Um operador de call center passa de seis a oito horas na mesma posição, com movimento repetitivo de digitação, mouse e voz, muitas vezes com meta de tempo entre chamadas. É um trabalho de baixa intensidade física e altíssima constância — que é exatamente o perfil que gera lesão por esforço repetitivo, dor lombar, fadiga vocal e desgaste visual.

Não é o esforço de carregar peso; é o de repetir o mesmo micro-movimento milhares de vezes por dia, sem variação, com a agenda apertada. Escritório comum perdoa uma cadeira mais ou menos. Operação de atendimento, com esse volume e essa cadência, não perdoa.

Quando a estação de trabalho não acompanha isso, o corpo cobra. E cobra de um jeito que a operação sente:

  • Micro-pausas não programadas, porque a pessoa precisa levantar pra aliviar a coluna.
  • Queda de ritmo na segunda metade do turno, quando o desconforto vira dor.
  • Atestado — afastamento por LER/DORT é uma das principais causas de licença médica no setor.
  • Pedido de demissão. Ninguém diz "saí por causa da cadeira", mas operação desconfortável tem turnover mais alto — e turnover é treinamento jogado fora.

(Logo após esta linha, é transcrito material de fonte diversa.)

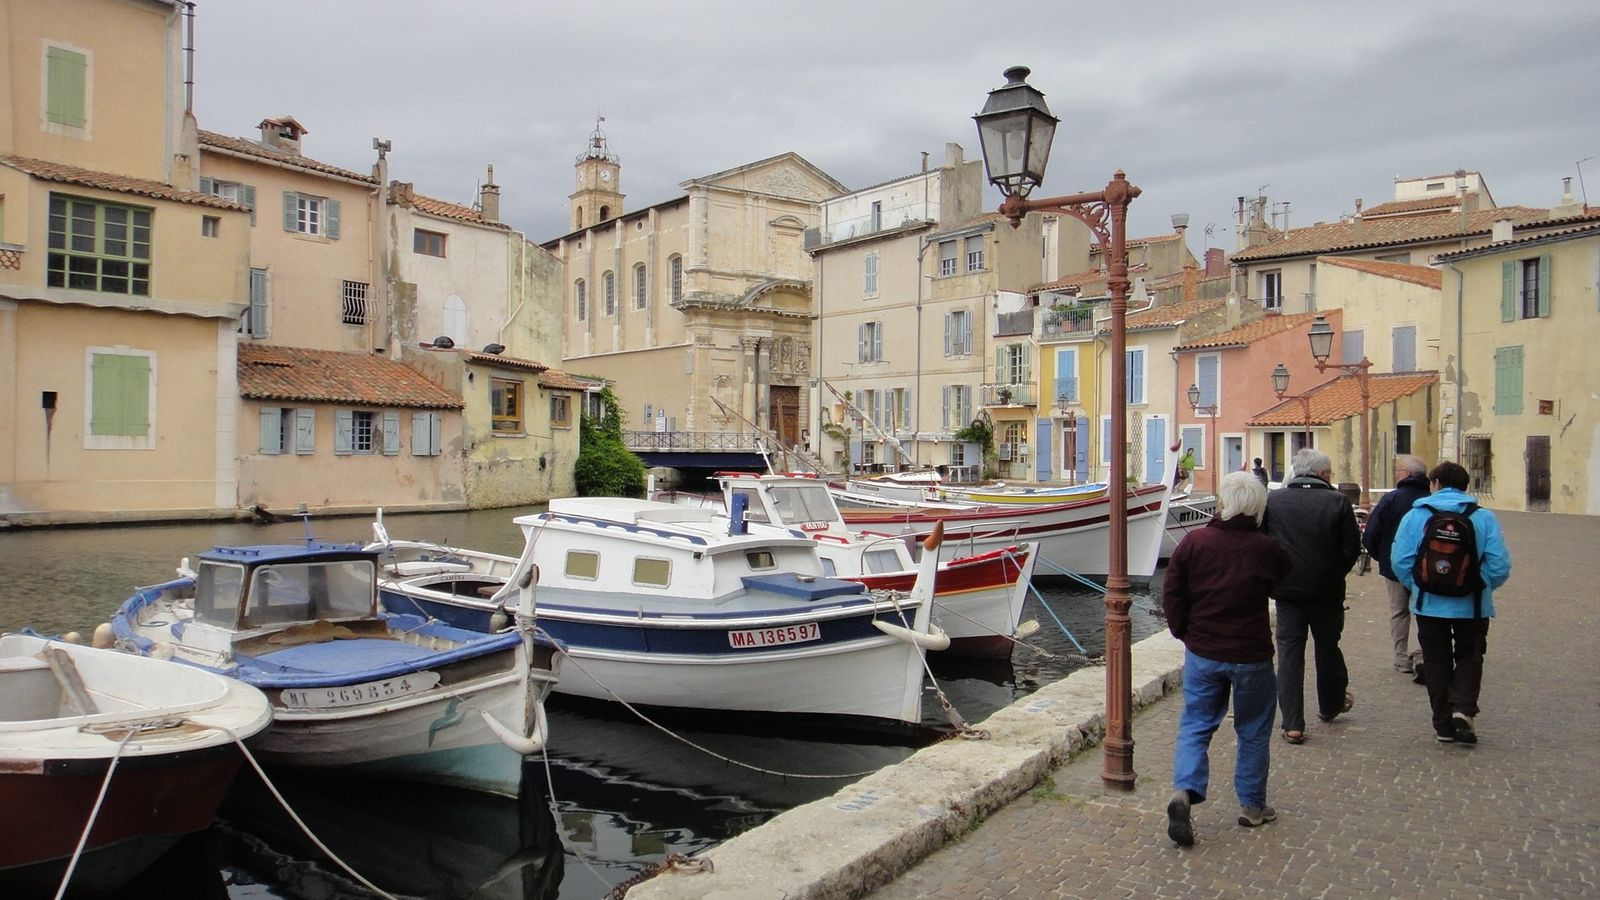 Méditerranée 2013 : Martigues - Etang de Berre

Nenhum desses custos aparece na cotação da estação de trabalho. Todos aparecem na folha, no RH e no indicador de qualidade.

A NR 17 não é burocracia, é o piso

A NR 17 existe porque alguém já mediu tudo isso. Ela define mobiliário ajustável, apoio para os pés, iluminação adequada, níveis de ruído, pausas e condições de temperatura. Não é um selo pra pendurar na parede — é o conjunto mínimo de condições para o trabalho não adoecer quem trabalha.

Operação que cumpre a NR 17 de verdade — não no papel — reduz afastamento, reduz passivo trabalhista e mantém a equipe inteira na linha por mais tempo. Operação que "adapta" a norma pra economizar está só empurrando o custo pra frente, com juros.

Ergonomia é variável, e variável a gente mede

Tratar ergonomia como variável de produtividade significa olhar para o antes e o depois:

  • Absenteísmo: quantos dias de atestado por operador, por mês, antes e depois de ajustar as estações.
  • Turnover: quanto tempo a equipe fica, e quanto custa repor quem sai.
  • Aderência à escala: quantas micro-pausas fora do previsto acontecem no segundo bloco do turno.
  • Qualidade e TMA: operador cansado erra mais, pede supervisão mais vezes e demora mais para encerrar.

Cada ponto desses tem valor em reais. Somados, quase sempre superam — com folga — a diferença entre uma estação de trabalho decente e uma improvisada.

O que "dentro da NR 17" significa na prática

Não é só a cadeira. É layout com distância certa entre postos pra acústica não virar ruído acumulado, é iluminação sem reflexo na tela, é climatização que não resseca a voz, é apoio de punho e monitor na altura dos olhos. É a soma de coisas pequenas que, juntas, decidem se o operador chega no fim do turno inteiro ou arrastado.

E tem a parte que não aparece na visita: manutenção. Cadeira que continua ajustável dois anos depois, ar-condicionado com filtro trocado, lâmpada que não fica piscando no canto da tela. Ergonomia é estado, não é a foto do dia da inauguração — ou o ganho de produtividade escorre de volta em seis meses.

Montar e manter isso dá trabalho e custa dinheiro. Mas é um custo que se paga em equipe estável, menos atestado e operação que rende parecido às oito e às dezesseis horas.